Although more and more women have found careers in STEM in recent years, a gender gap remains, both in the proportion of female scientists in many fields and the numbers of manuscripts they publish. To understand if the peer-review process is at all to blame for the gender gap seen in scientific publishing, University of Milan sociologist Flaminio Squazzoni and colleagues teamed up with representatives from Elsevier, John Wiley & Sons, and Springer Nature to collate data from nearly 350,000 papers across 145 journals that could shed light on this question.
The results, published today (January 6) in Science Advances, suggest that at no point in the editorial process are women at a disadvantage. While female scientists publish fewer articles than their male counterparts across scientific disciplines, they also submit fewer manuscripts, and following submission, their articles were treated more favorably than men’s were. However,...
The Scientist: What motivated you to undertake this analysis?
Flaminio Squazzoni: In my opinion, there’s a lot of rhetorics around peer review, especially a lot of negative narratives. . . . ‘Peer review is dead, it’s broken, it’s a waste of time, it’s not reliable, it’s random,’ and this kind of stuff. Whereas my opinion [is that] peer review is at the core of the whole scientific enterprise. . . . It seems to me that [peer review] is one of the greatest examples of cooperation between scientists for the success and the progress of science.
TS: Tell me briefly about what you did and what you found.
FS: To the best of my knowledge, this is the first research on gender bias in peer review using complete data on manuscripts submitted to journals in different fields of research. As we have explained in another paper published in 2019 in Nature . . . research on peer review is generally limited to individual journals or a small number of journals that generalisation and systematic analysis are hard to make. This is because journal data are confidential. Thanks to an agreement with some major publishers, including Elsevier and Wiley, we had data on all submissions submitted to 145 journals, including data on authors, reviewers, recommendations, and editorial decisions, and we guessed the gender of each individual scholar using advanced machine learning techniques. We estimated the effect of author’s gender on the fate of each manuscript while controlling for many confounders, including the number of co-authors and their respective positions in the manuscript, the field of research of journals, their impact factor, the type of peer review, the reviewer score and their recommendations. The possibility to check for these confounders was possible because we had high-quality data on each submission, including those ones eventually rejected from journals. We also checked for the gender of reviewers. We found solid evidence of the fact that manuscripts with women as authors (sole or in teams of co-authors) were treated even more favourably by reviewers and editors. This was especially so in biomedicine and health journals, but in general, the positive treatment of women was confirmed across fields of research.

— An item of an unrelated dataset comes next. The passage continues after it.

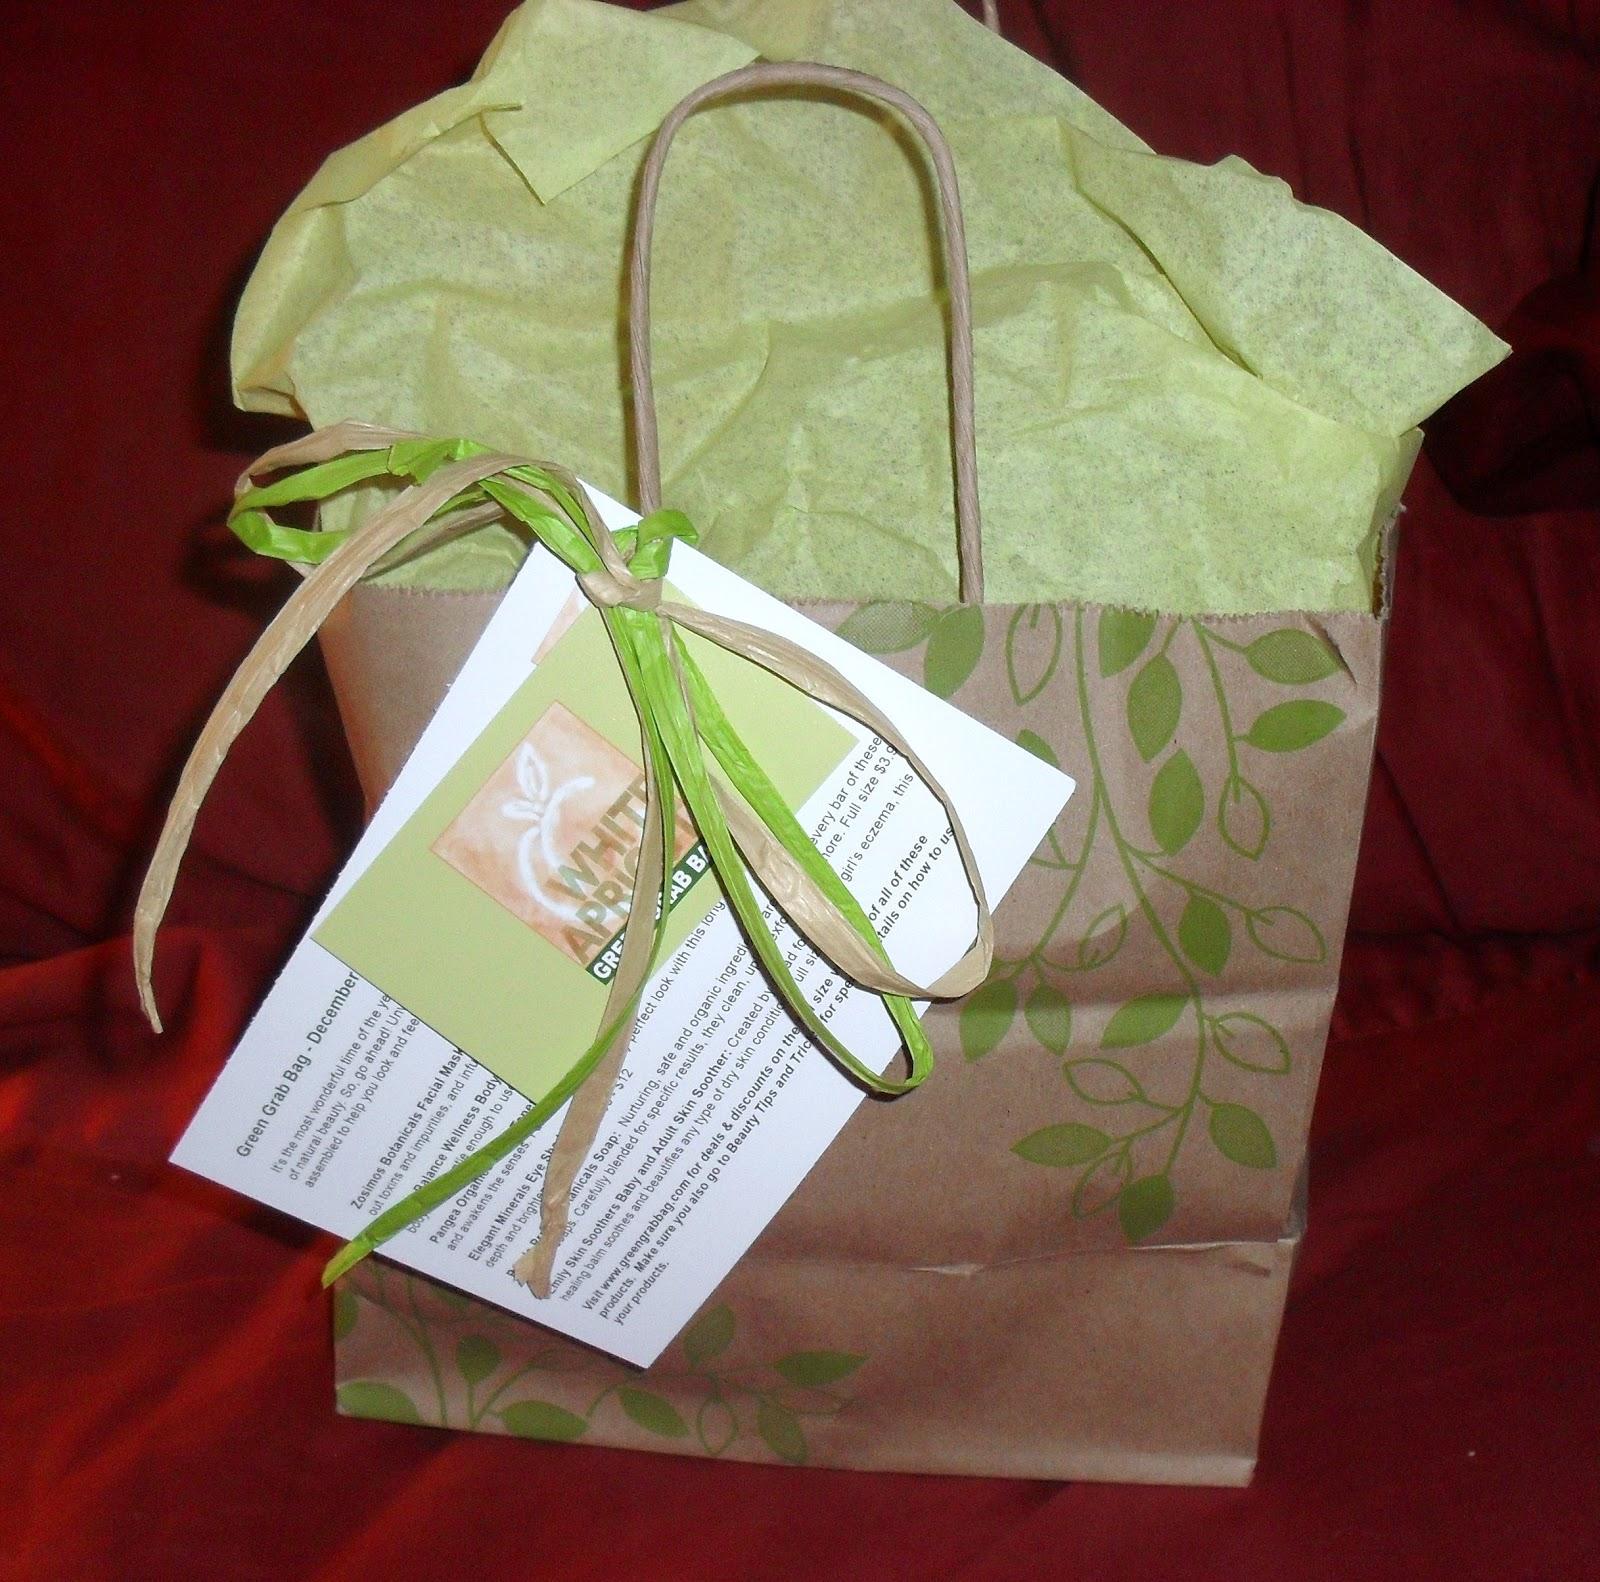 Review of Green Grab Bag Natural Beauty Box

TS: Were you surprised by that result?
FS: We were surprised because . . . the expectation was to find a negative bias on women. . . . But this is just a piece, obviously, just a step in a more complex process. . . . Our findings do not say that there’s no discrimination [against women] in academia, or that women are treated positively by academia. No, we only wanted to say that peer review doesn’t add anything negative [to what is] probably preexisting to the fate of women in academia. And I continue to believe that probably one of the possible explanations of that fact that women submit fewer manuscripts is probably they are exposed to discriminatory practices and obstacles during their career.
TS: What are the next steps to figure out the sources of bias and correct them?
FS: The next step is to try to have an overview of the complex process, which starts from education, then to the selection of research topics or specialties by academics. It’s the problem of recognition in terms of access to resources, then with journals and funding agencies. So we need to put together all these different pieces. . . . We will need to put together more data on different kinds of processes to try to reconstruct more comprehensively and precisely the source of bias that might still influence the career promotion recognition of women in academia.
Editor’s note: The interview was conducted over the phone and through email and was edited for brevity.
F. Squazzoni et al., “Peer review and gender bias: A study on 145 scholarly journals,” Sci Adv, 7:eabd0299, 2021.